Assigned task >> Before you write out the listing, remove the pictures; everything else stays exactly as it is.

Material provided >>

______________________________

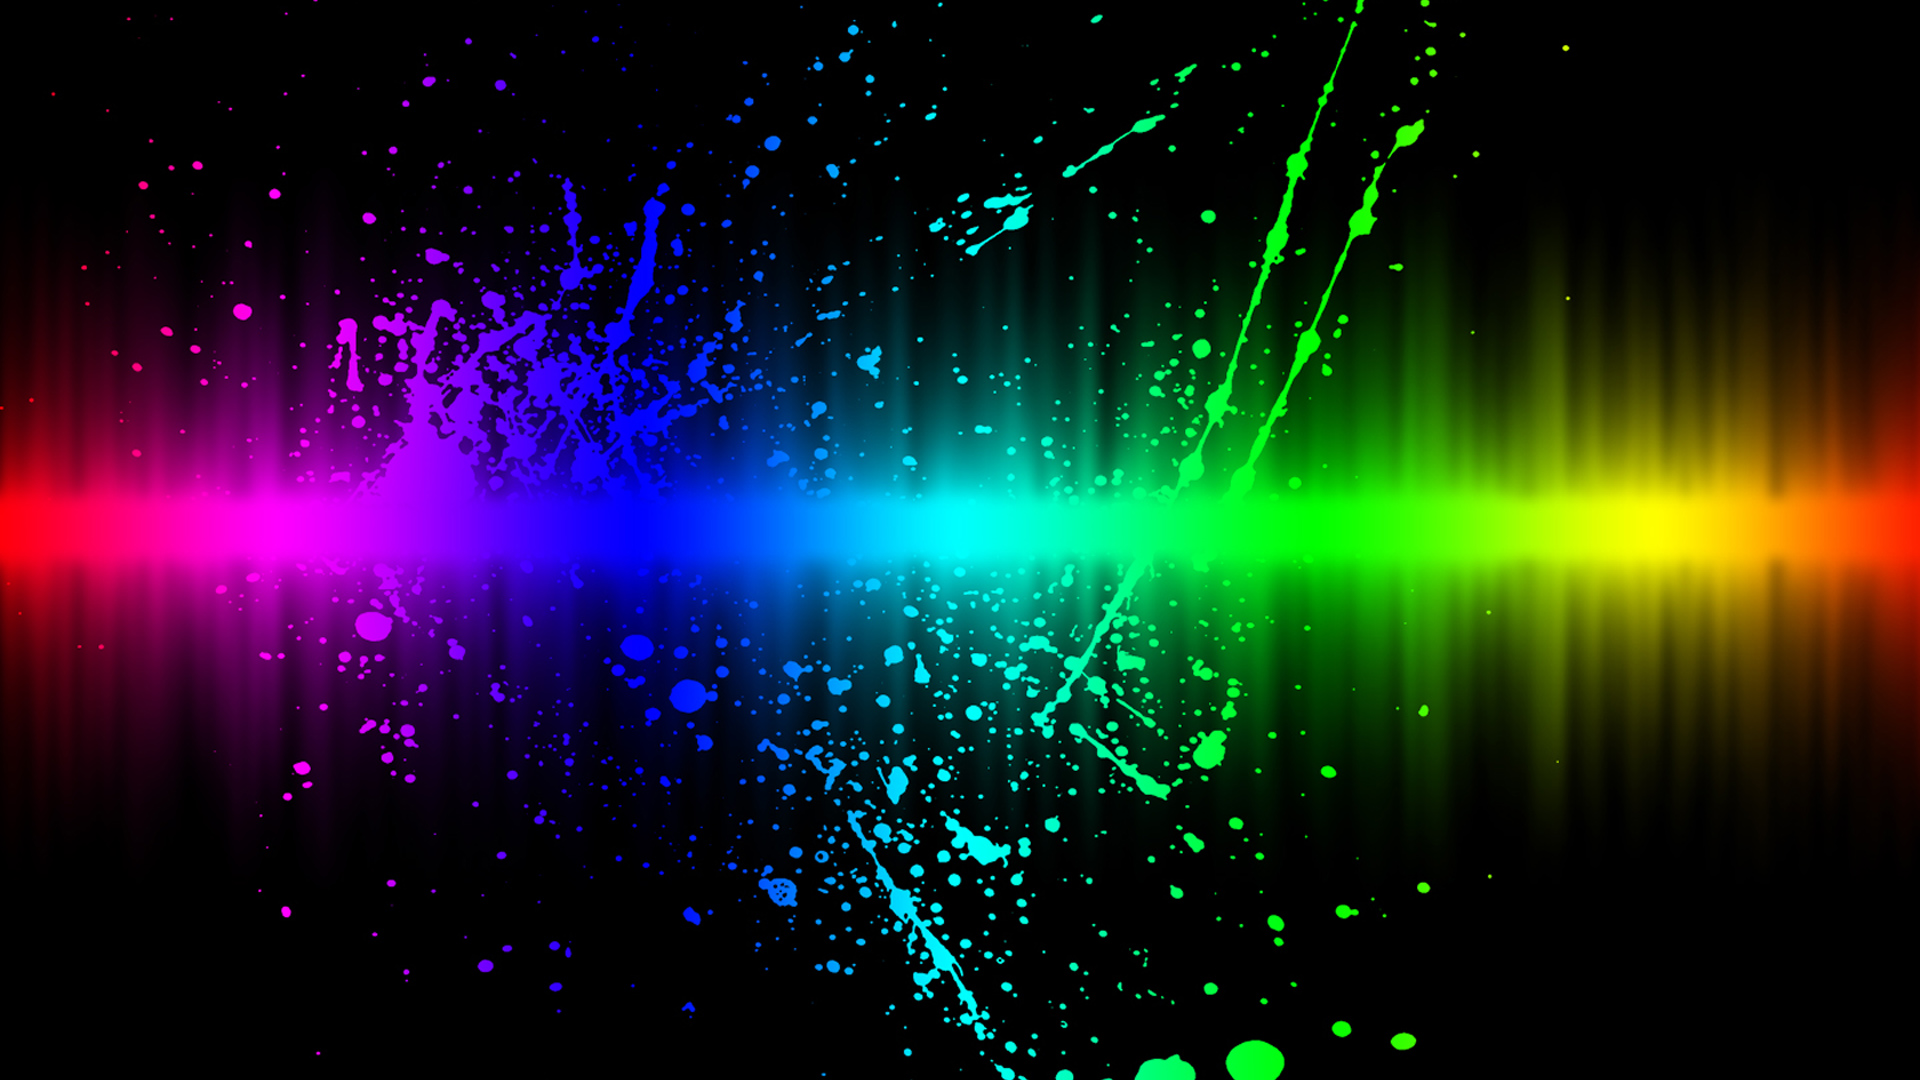 43 Colorful Desktop Backgrounds   Technosamrat 1920x1080
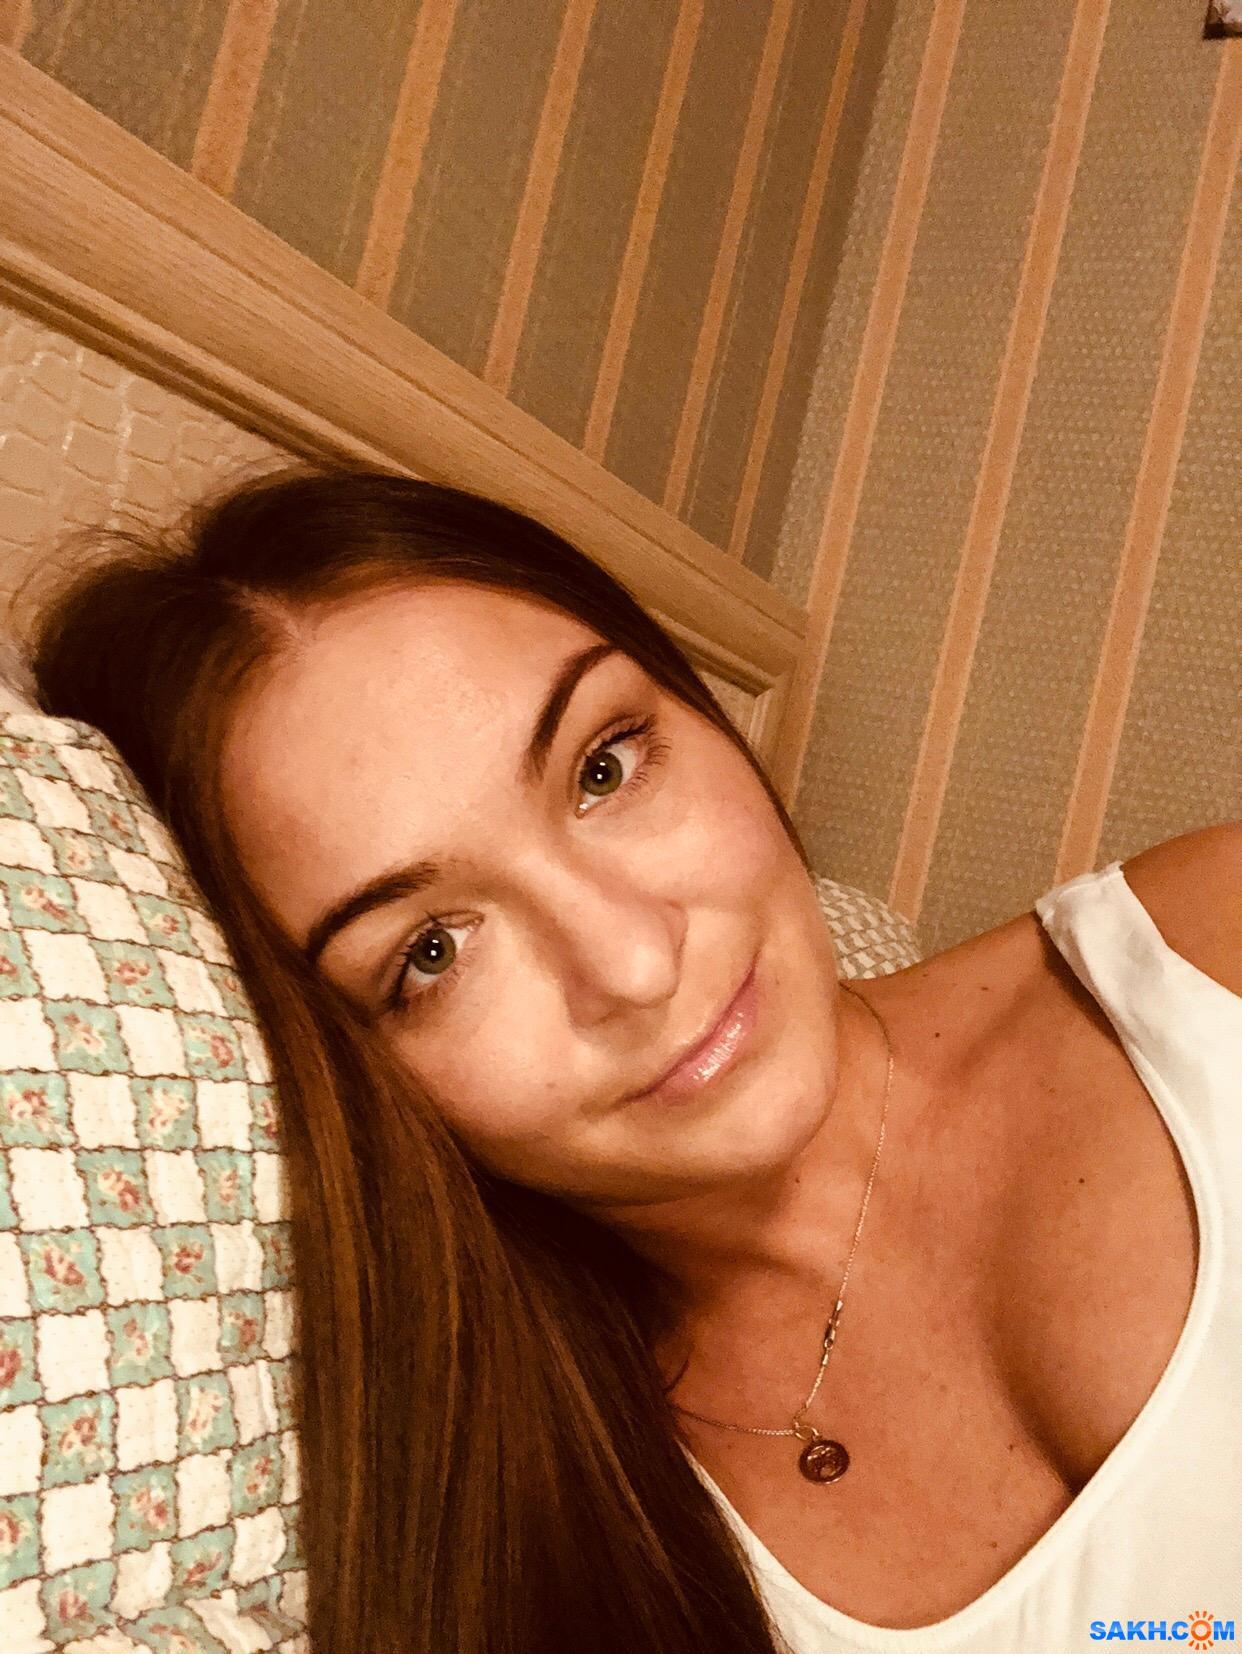 Yulenka: image
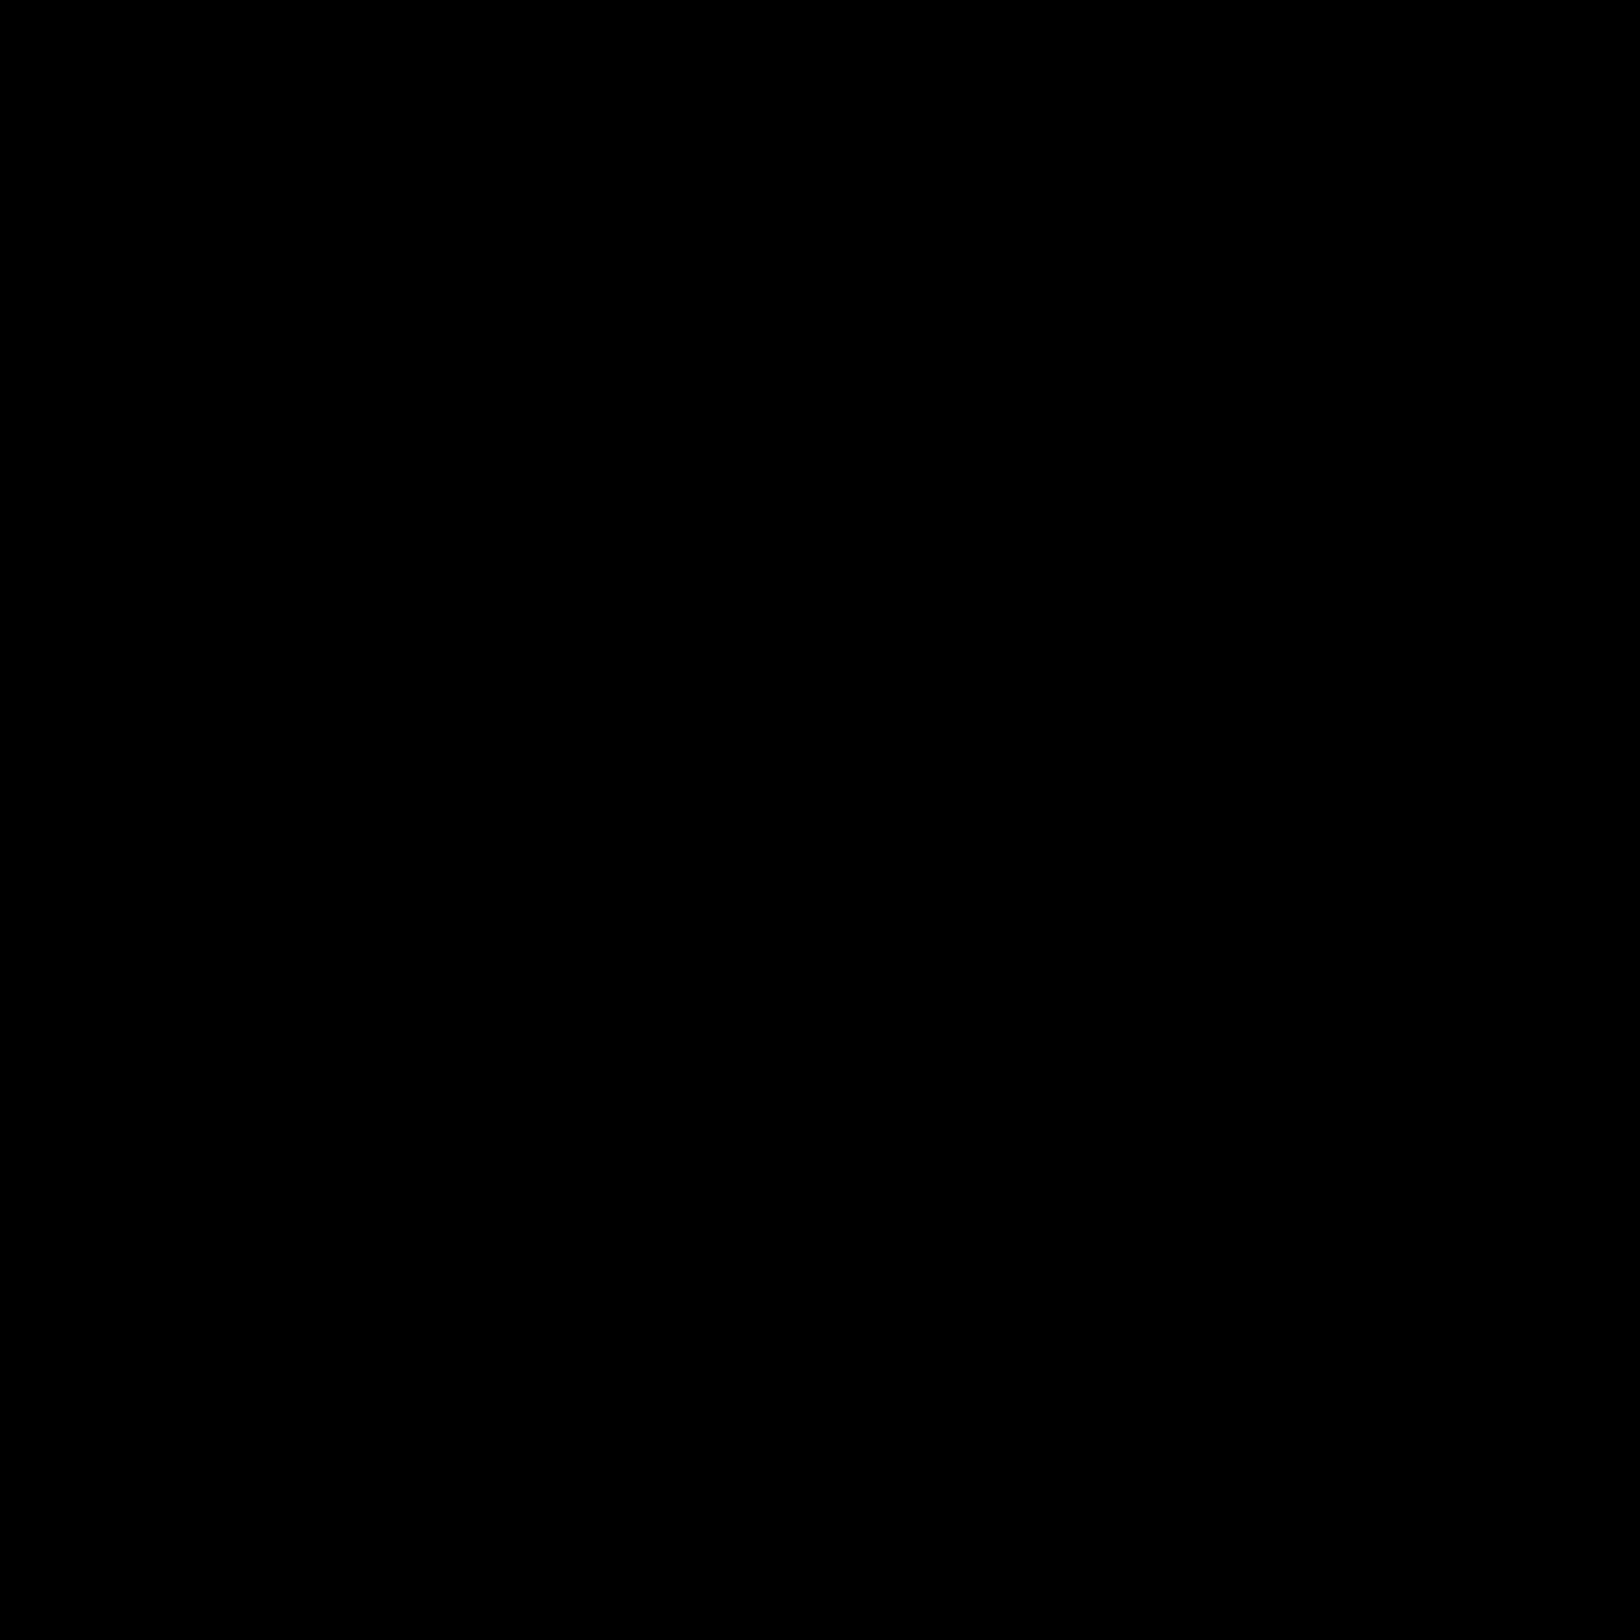 Asset-46

______________________________

Task solution >>
 43 Colorful Desktop Backgrounds   Technosamrat 1920x1080
 Yulenka: image
 Asset-46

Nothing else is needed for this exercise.